Later, Lifeboat 2 managed to float off the ship with new occupants (its previous ones having been spilled into the sea when they upset the boat) when water began surging over the bow. It was connected to a single davit, the fall of which was cut by the men working to free the boat. The people inside also got the boat away from one of the ship’s “tentacle-like” funnel stays, and then subsequently rowed away from the ship only seconds before she sank.

Captain Turner remained on the bridge until the water rushed upward and engulfed the whole bridge, washing him overboard into the sea. He took the ship’s logbook and charts with him. He managed to escape the rapidly sinking Lusitania and find a chair floating in the water which he clung to. He survived, having been pulled unconscious from the water after spending three hours there.

Captain Turner in 1914

Captain Turner in 1914

There were 761 survivors that day, and tragically 1,198 people lost their lives including 128 Americans.

Schwieger had been observing the panic and disorder through U-20′s periscope, and after surveying the area at 2:25 pm, he dropped the periscope and headed out to sea.

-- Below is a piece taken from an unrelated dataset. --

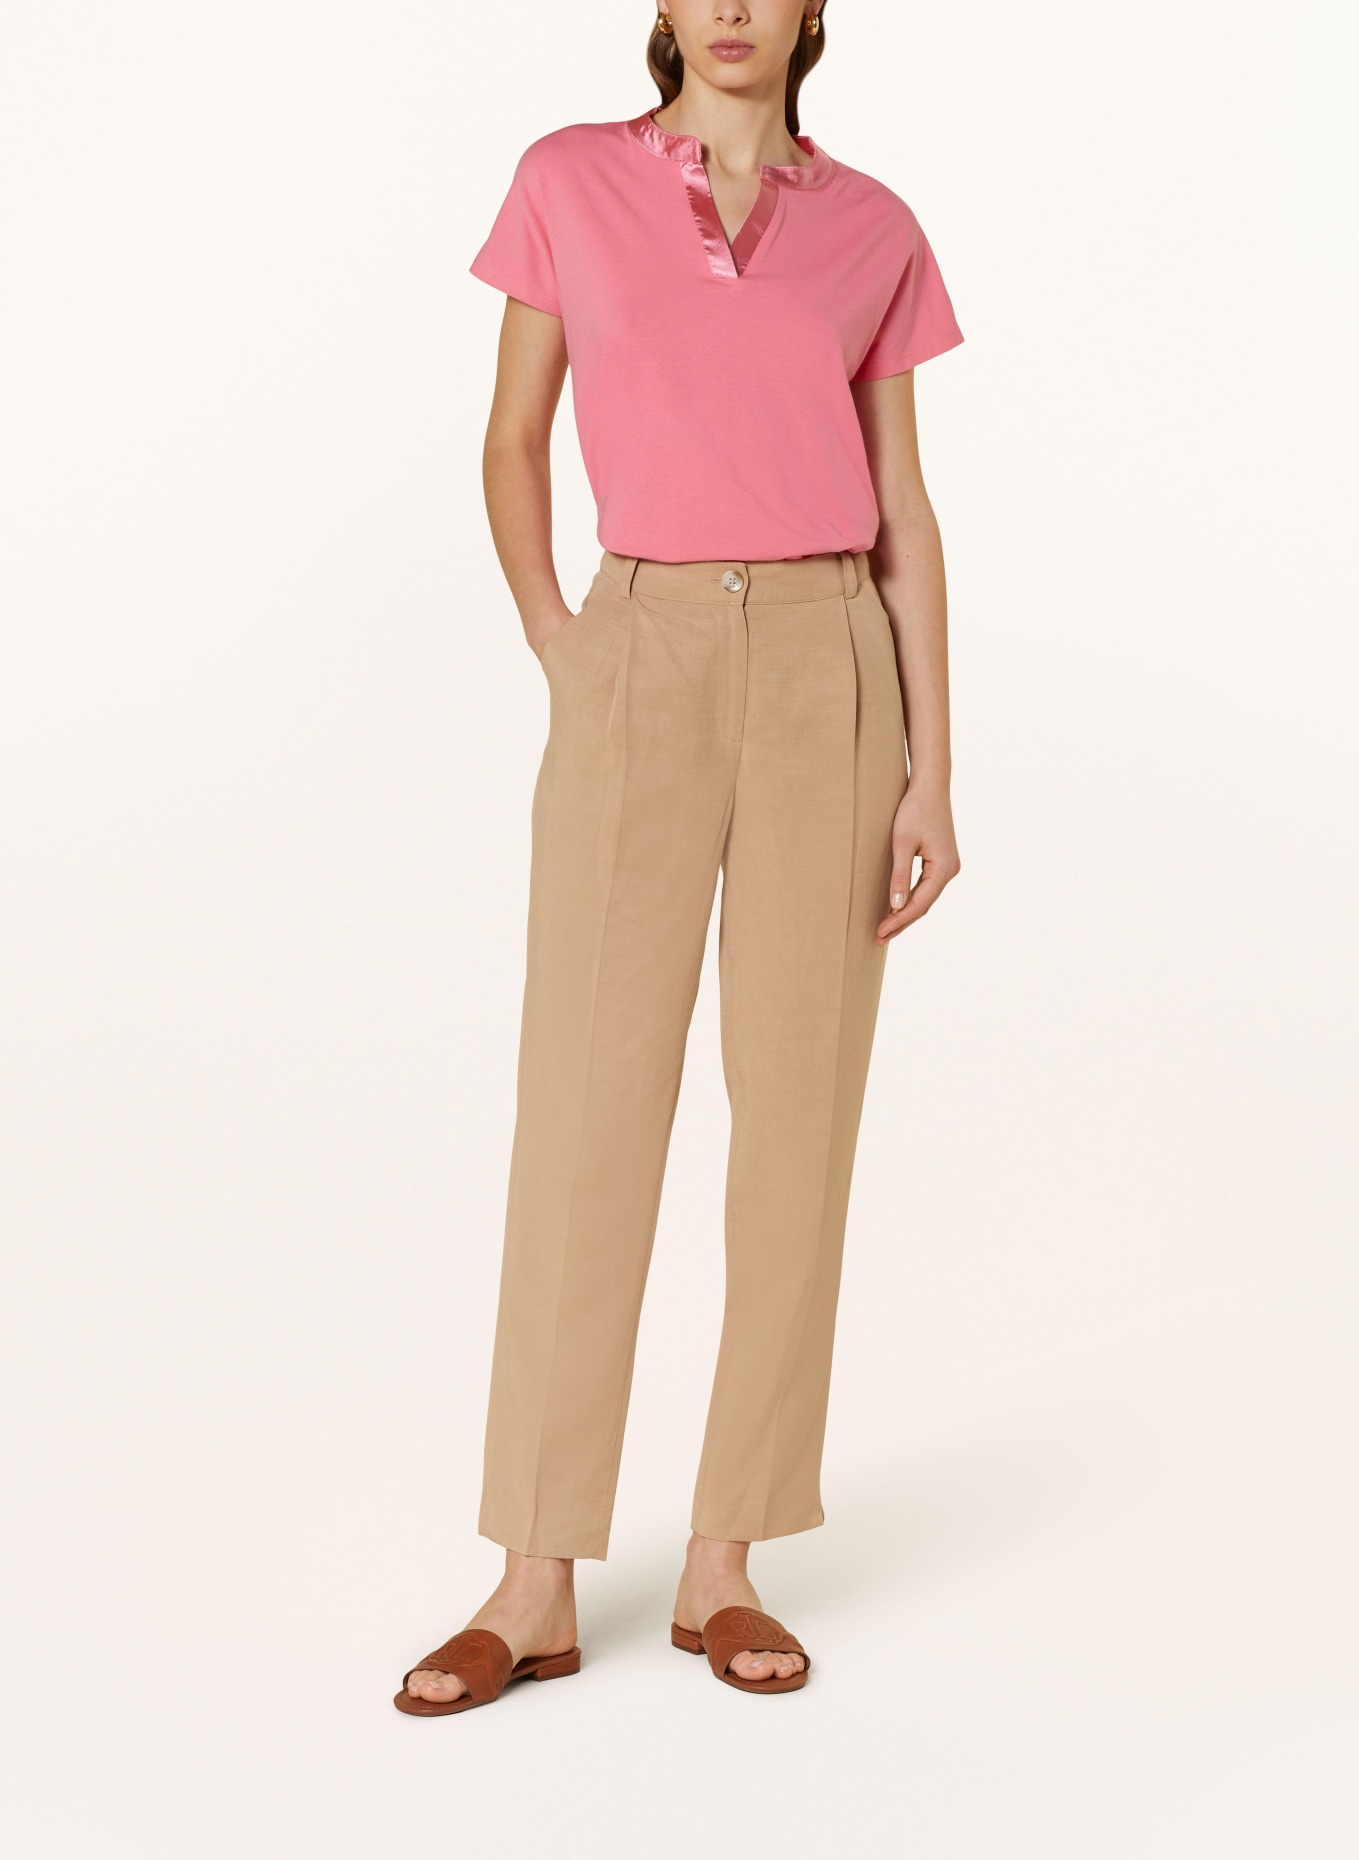 MORE & MORE Blusenshirt, Farbe: 0835 sorbet pink (Bild 2)

Note: later in Word War I, Schwieger was killed in action when, as commander of U-88, he was chased by HMS Stonecrop, hit a British mine, and sank on September 5, 1917, north of Terschelling. There were no survivors from U-88’s sinking.

The sinking of the Lusitania turned public opinion in many countries against Germany, contributed to the American entry into World War I and became an iconic symbol in military recruiting campaigns of why the war was being fought.

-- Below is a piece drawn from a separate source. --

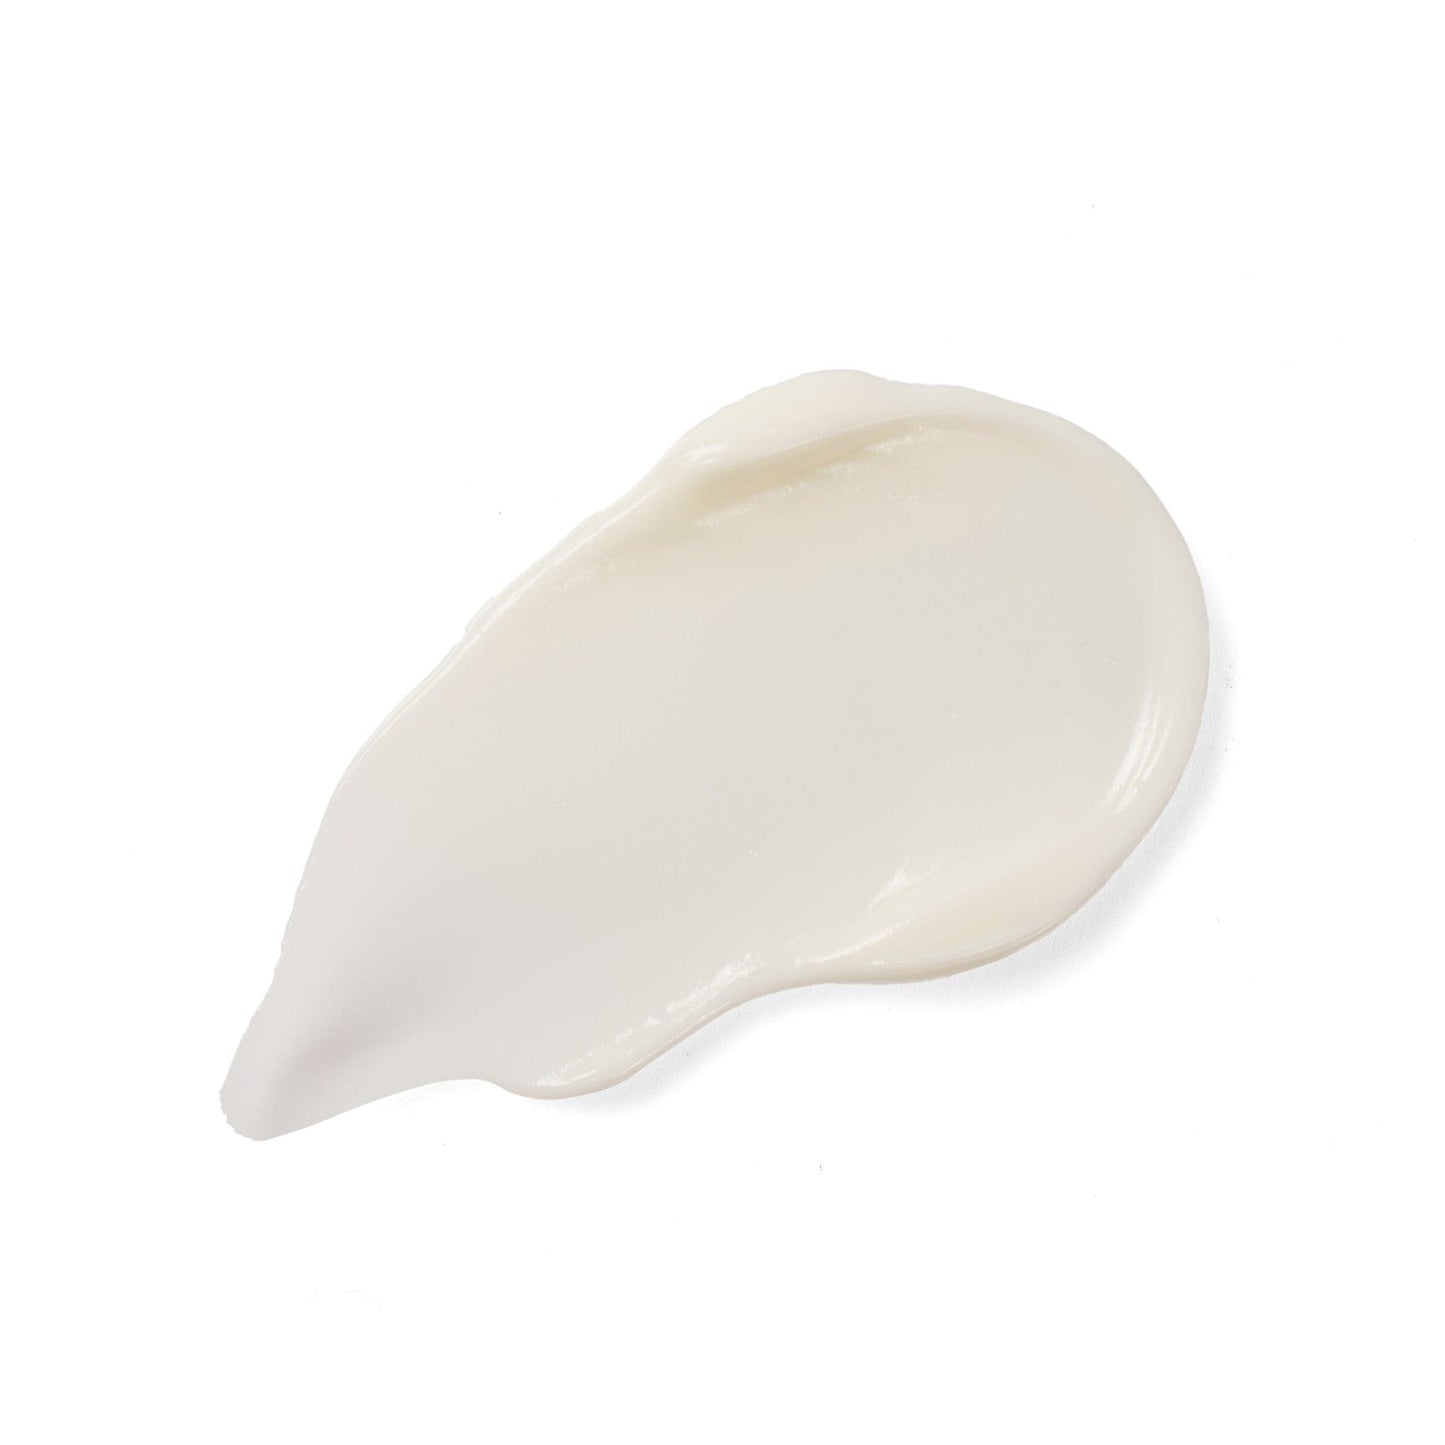 DORIS DAY MD SKINCARE Face 62.1 ml |  2.1 FL OZ Ultra Rich Peptide Renewal Cream

However, the contemporary investigations both in the UK and the United States into the precise causes of the ship’s loss were obstructed by the needs of wartime secrecy and a propaganda campaign to ensure all blame fell upon Germany. Argument over whether the ship was a legitimate military target raged back and forth throughout the war as both sides made misleading claims about the ship. At the time she was sunk, the Lusitania was carrying a large quantity of rifle cartridges and non-explosive shell casings, as well as civilian passengers. Several attempts have been made over the years since the sinking to dive to the wreck seeking information about precisely how the ship sank, and argument continues to the current day.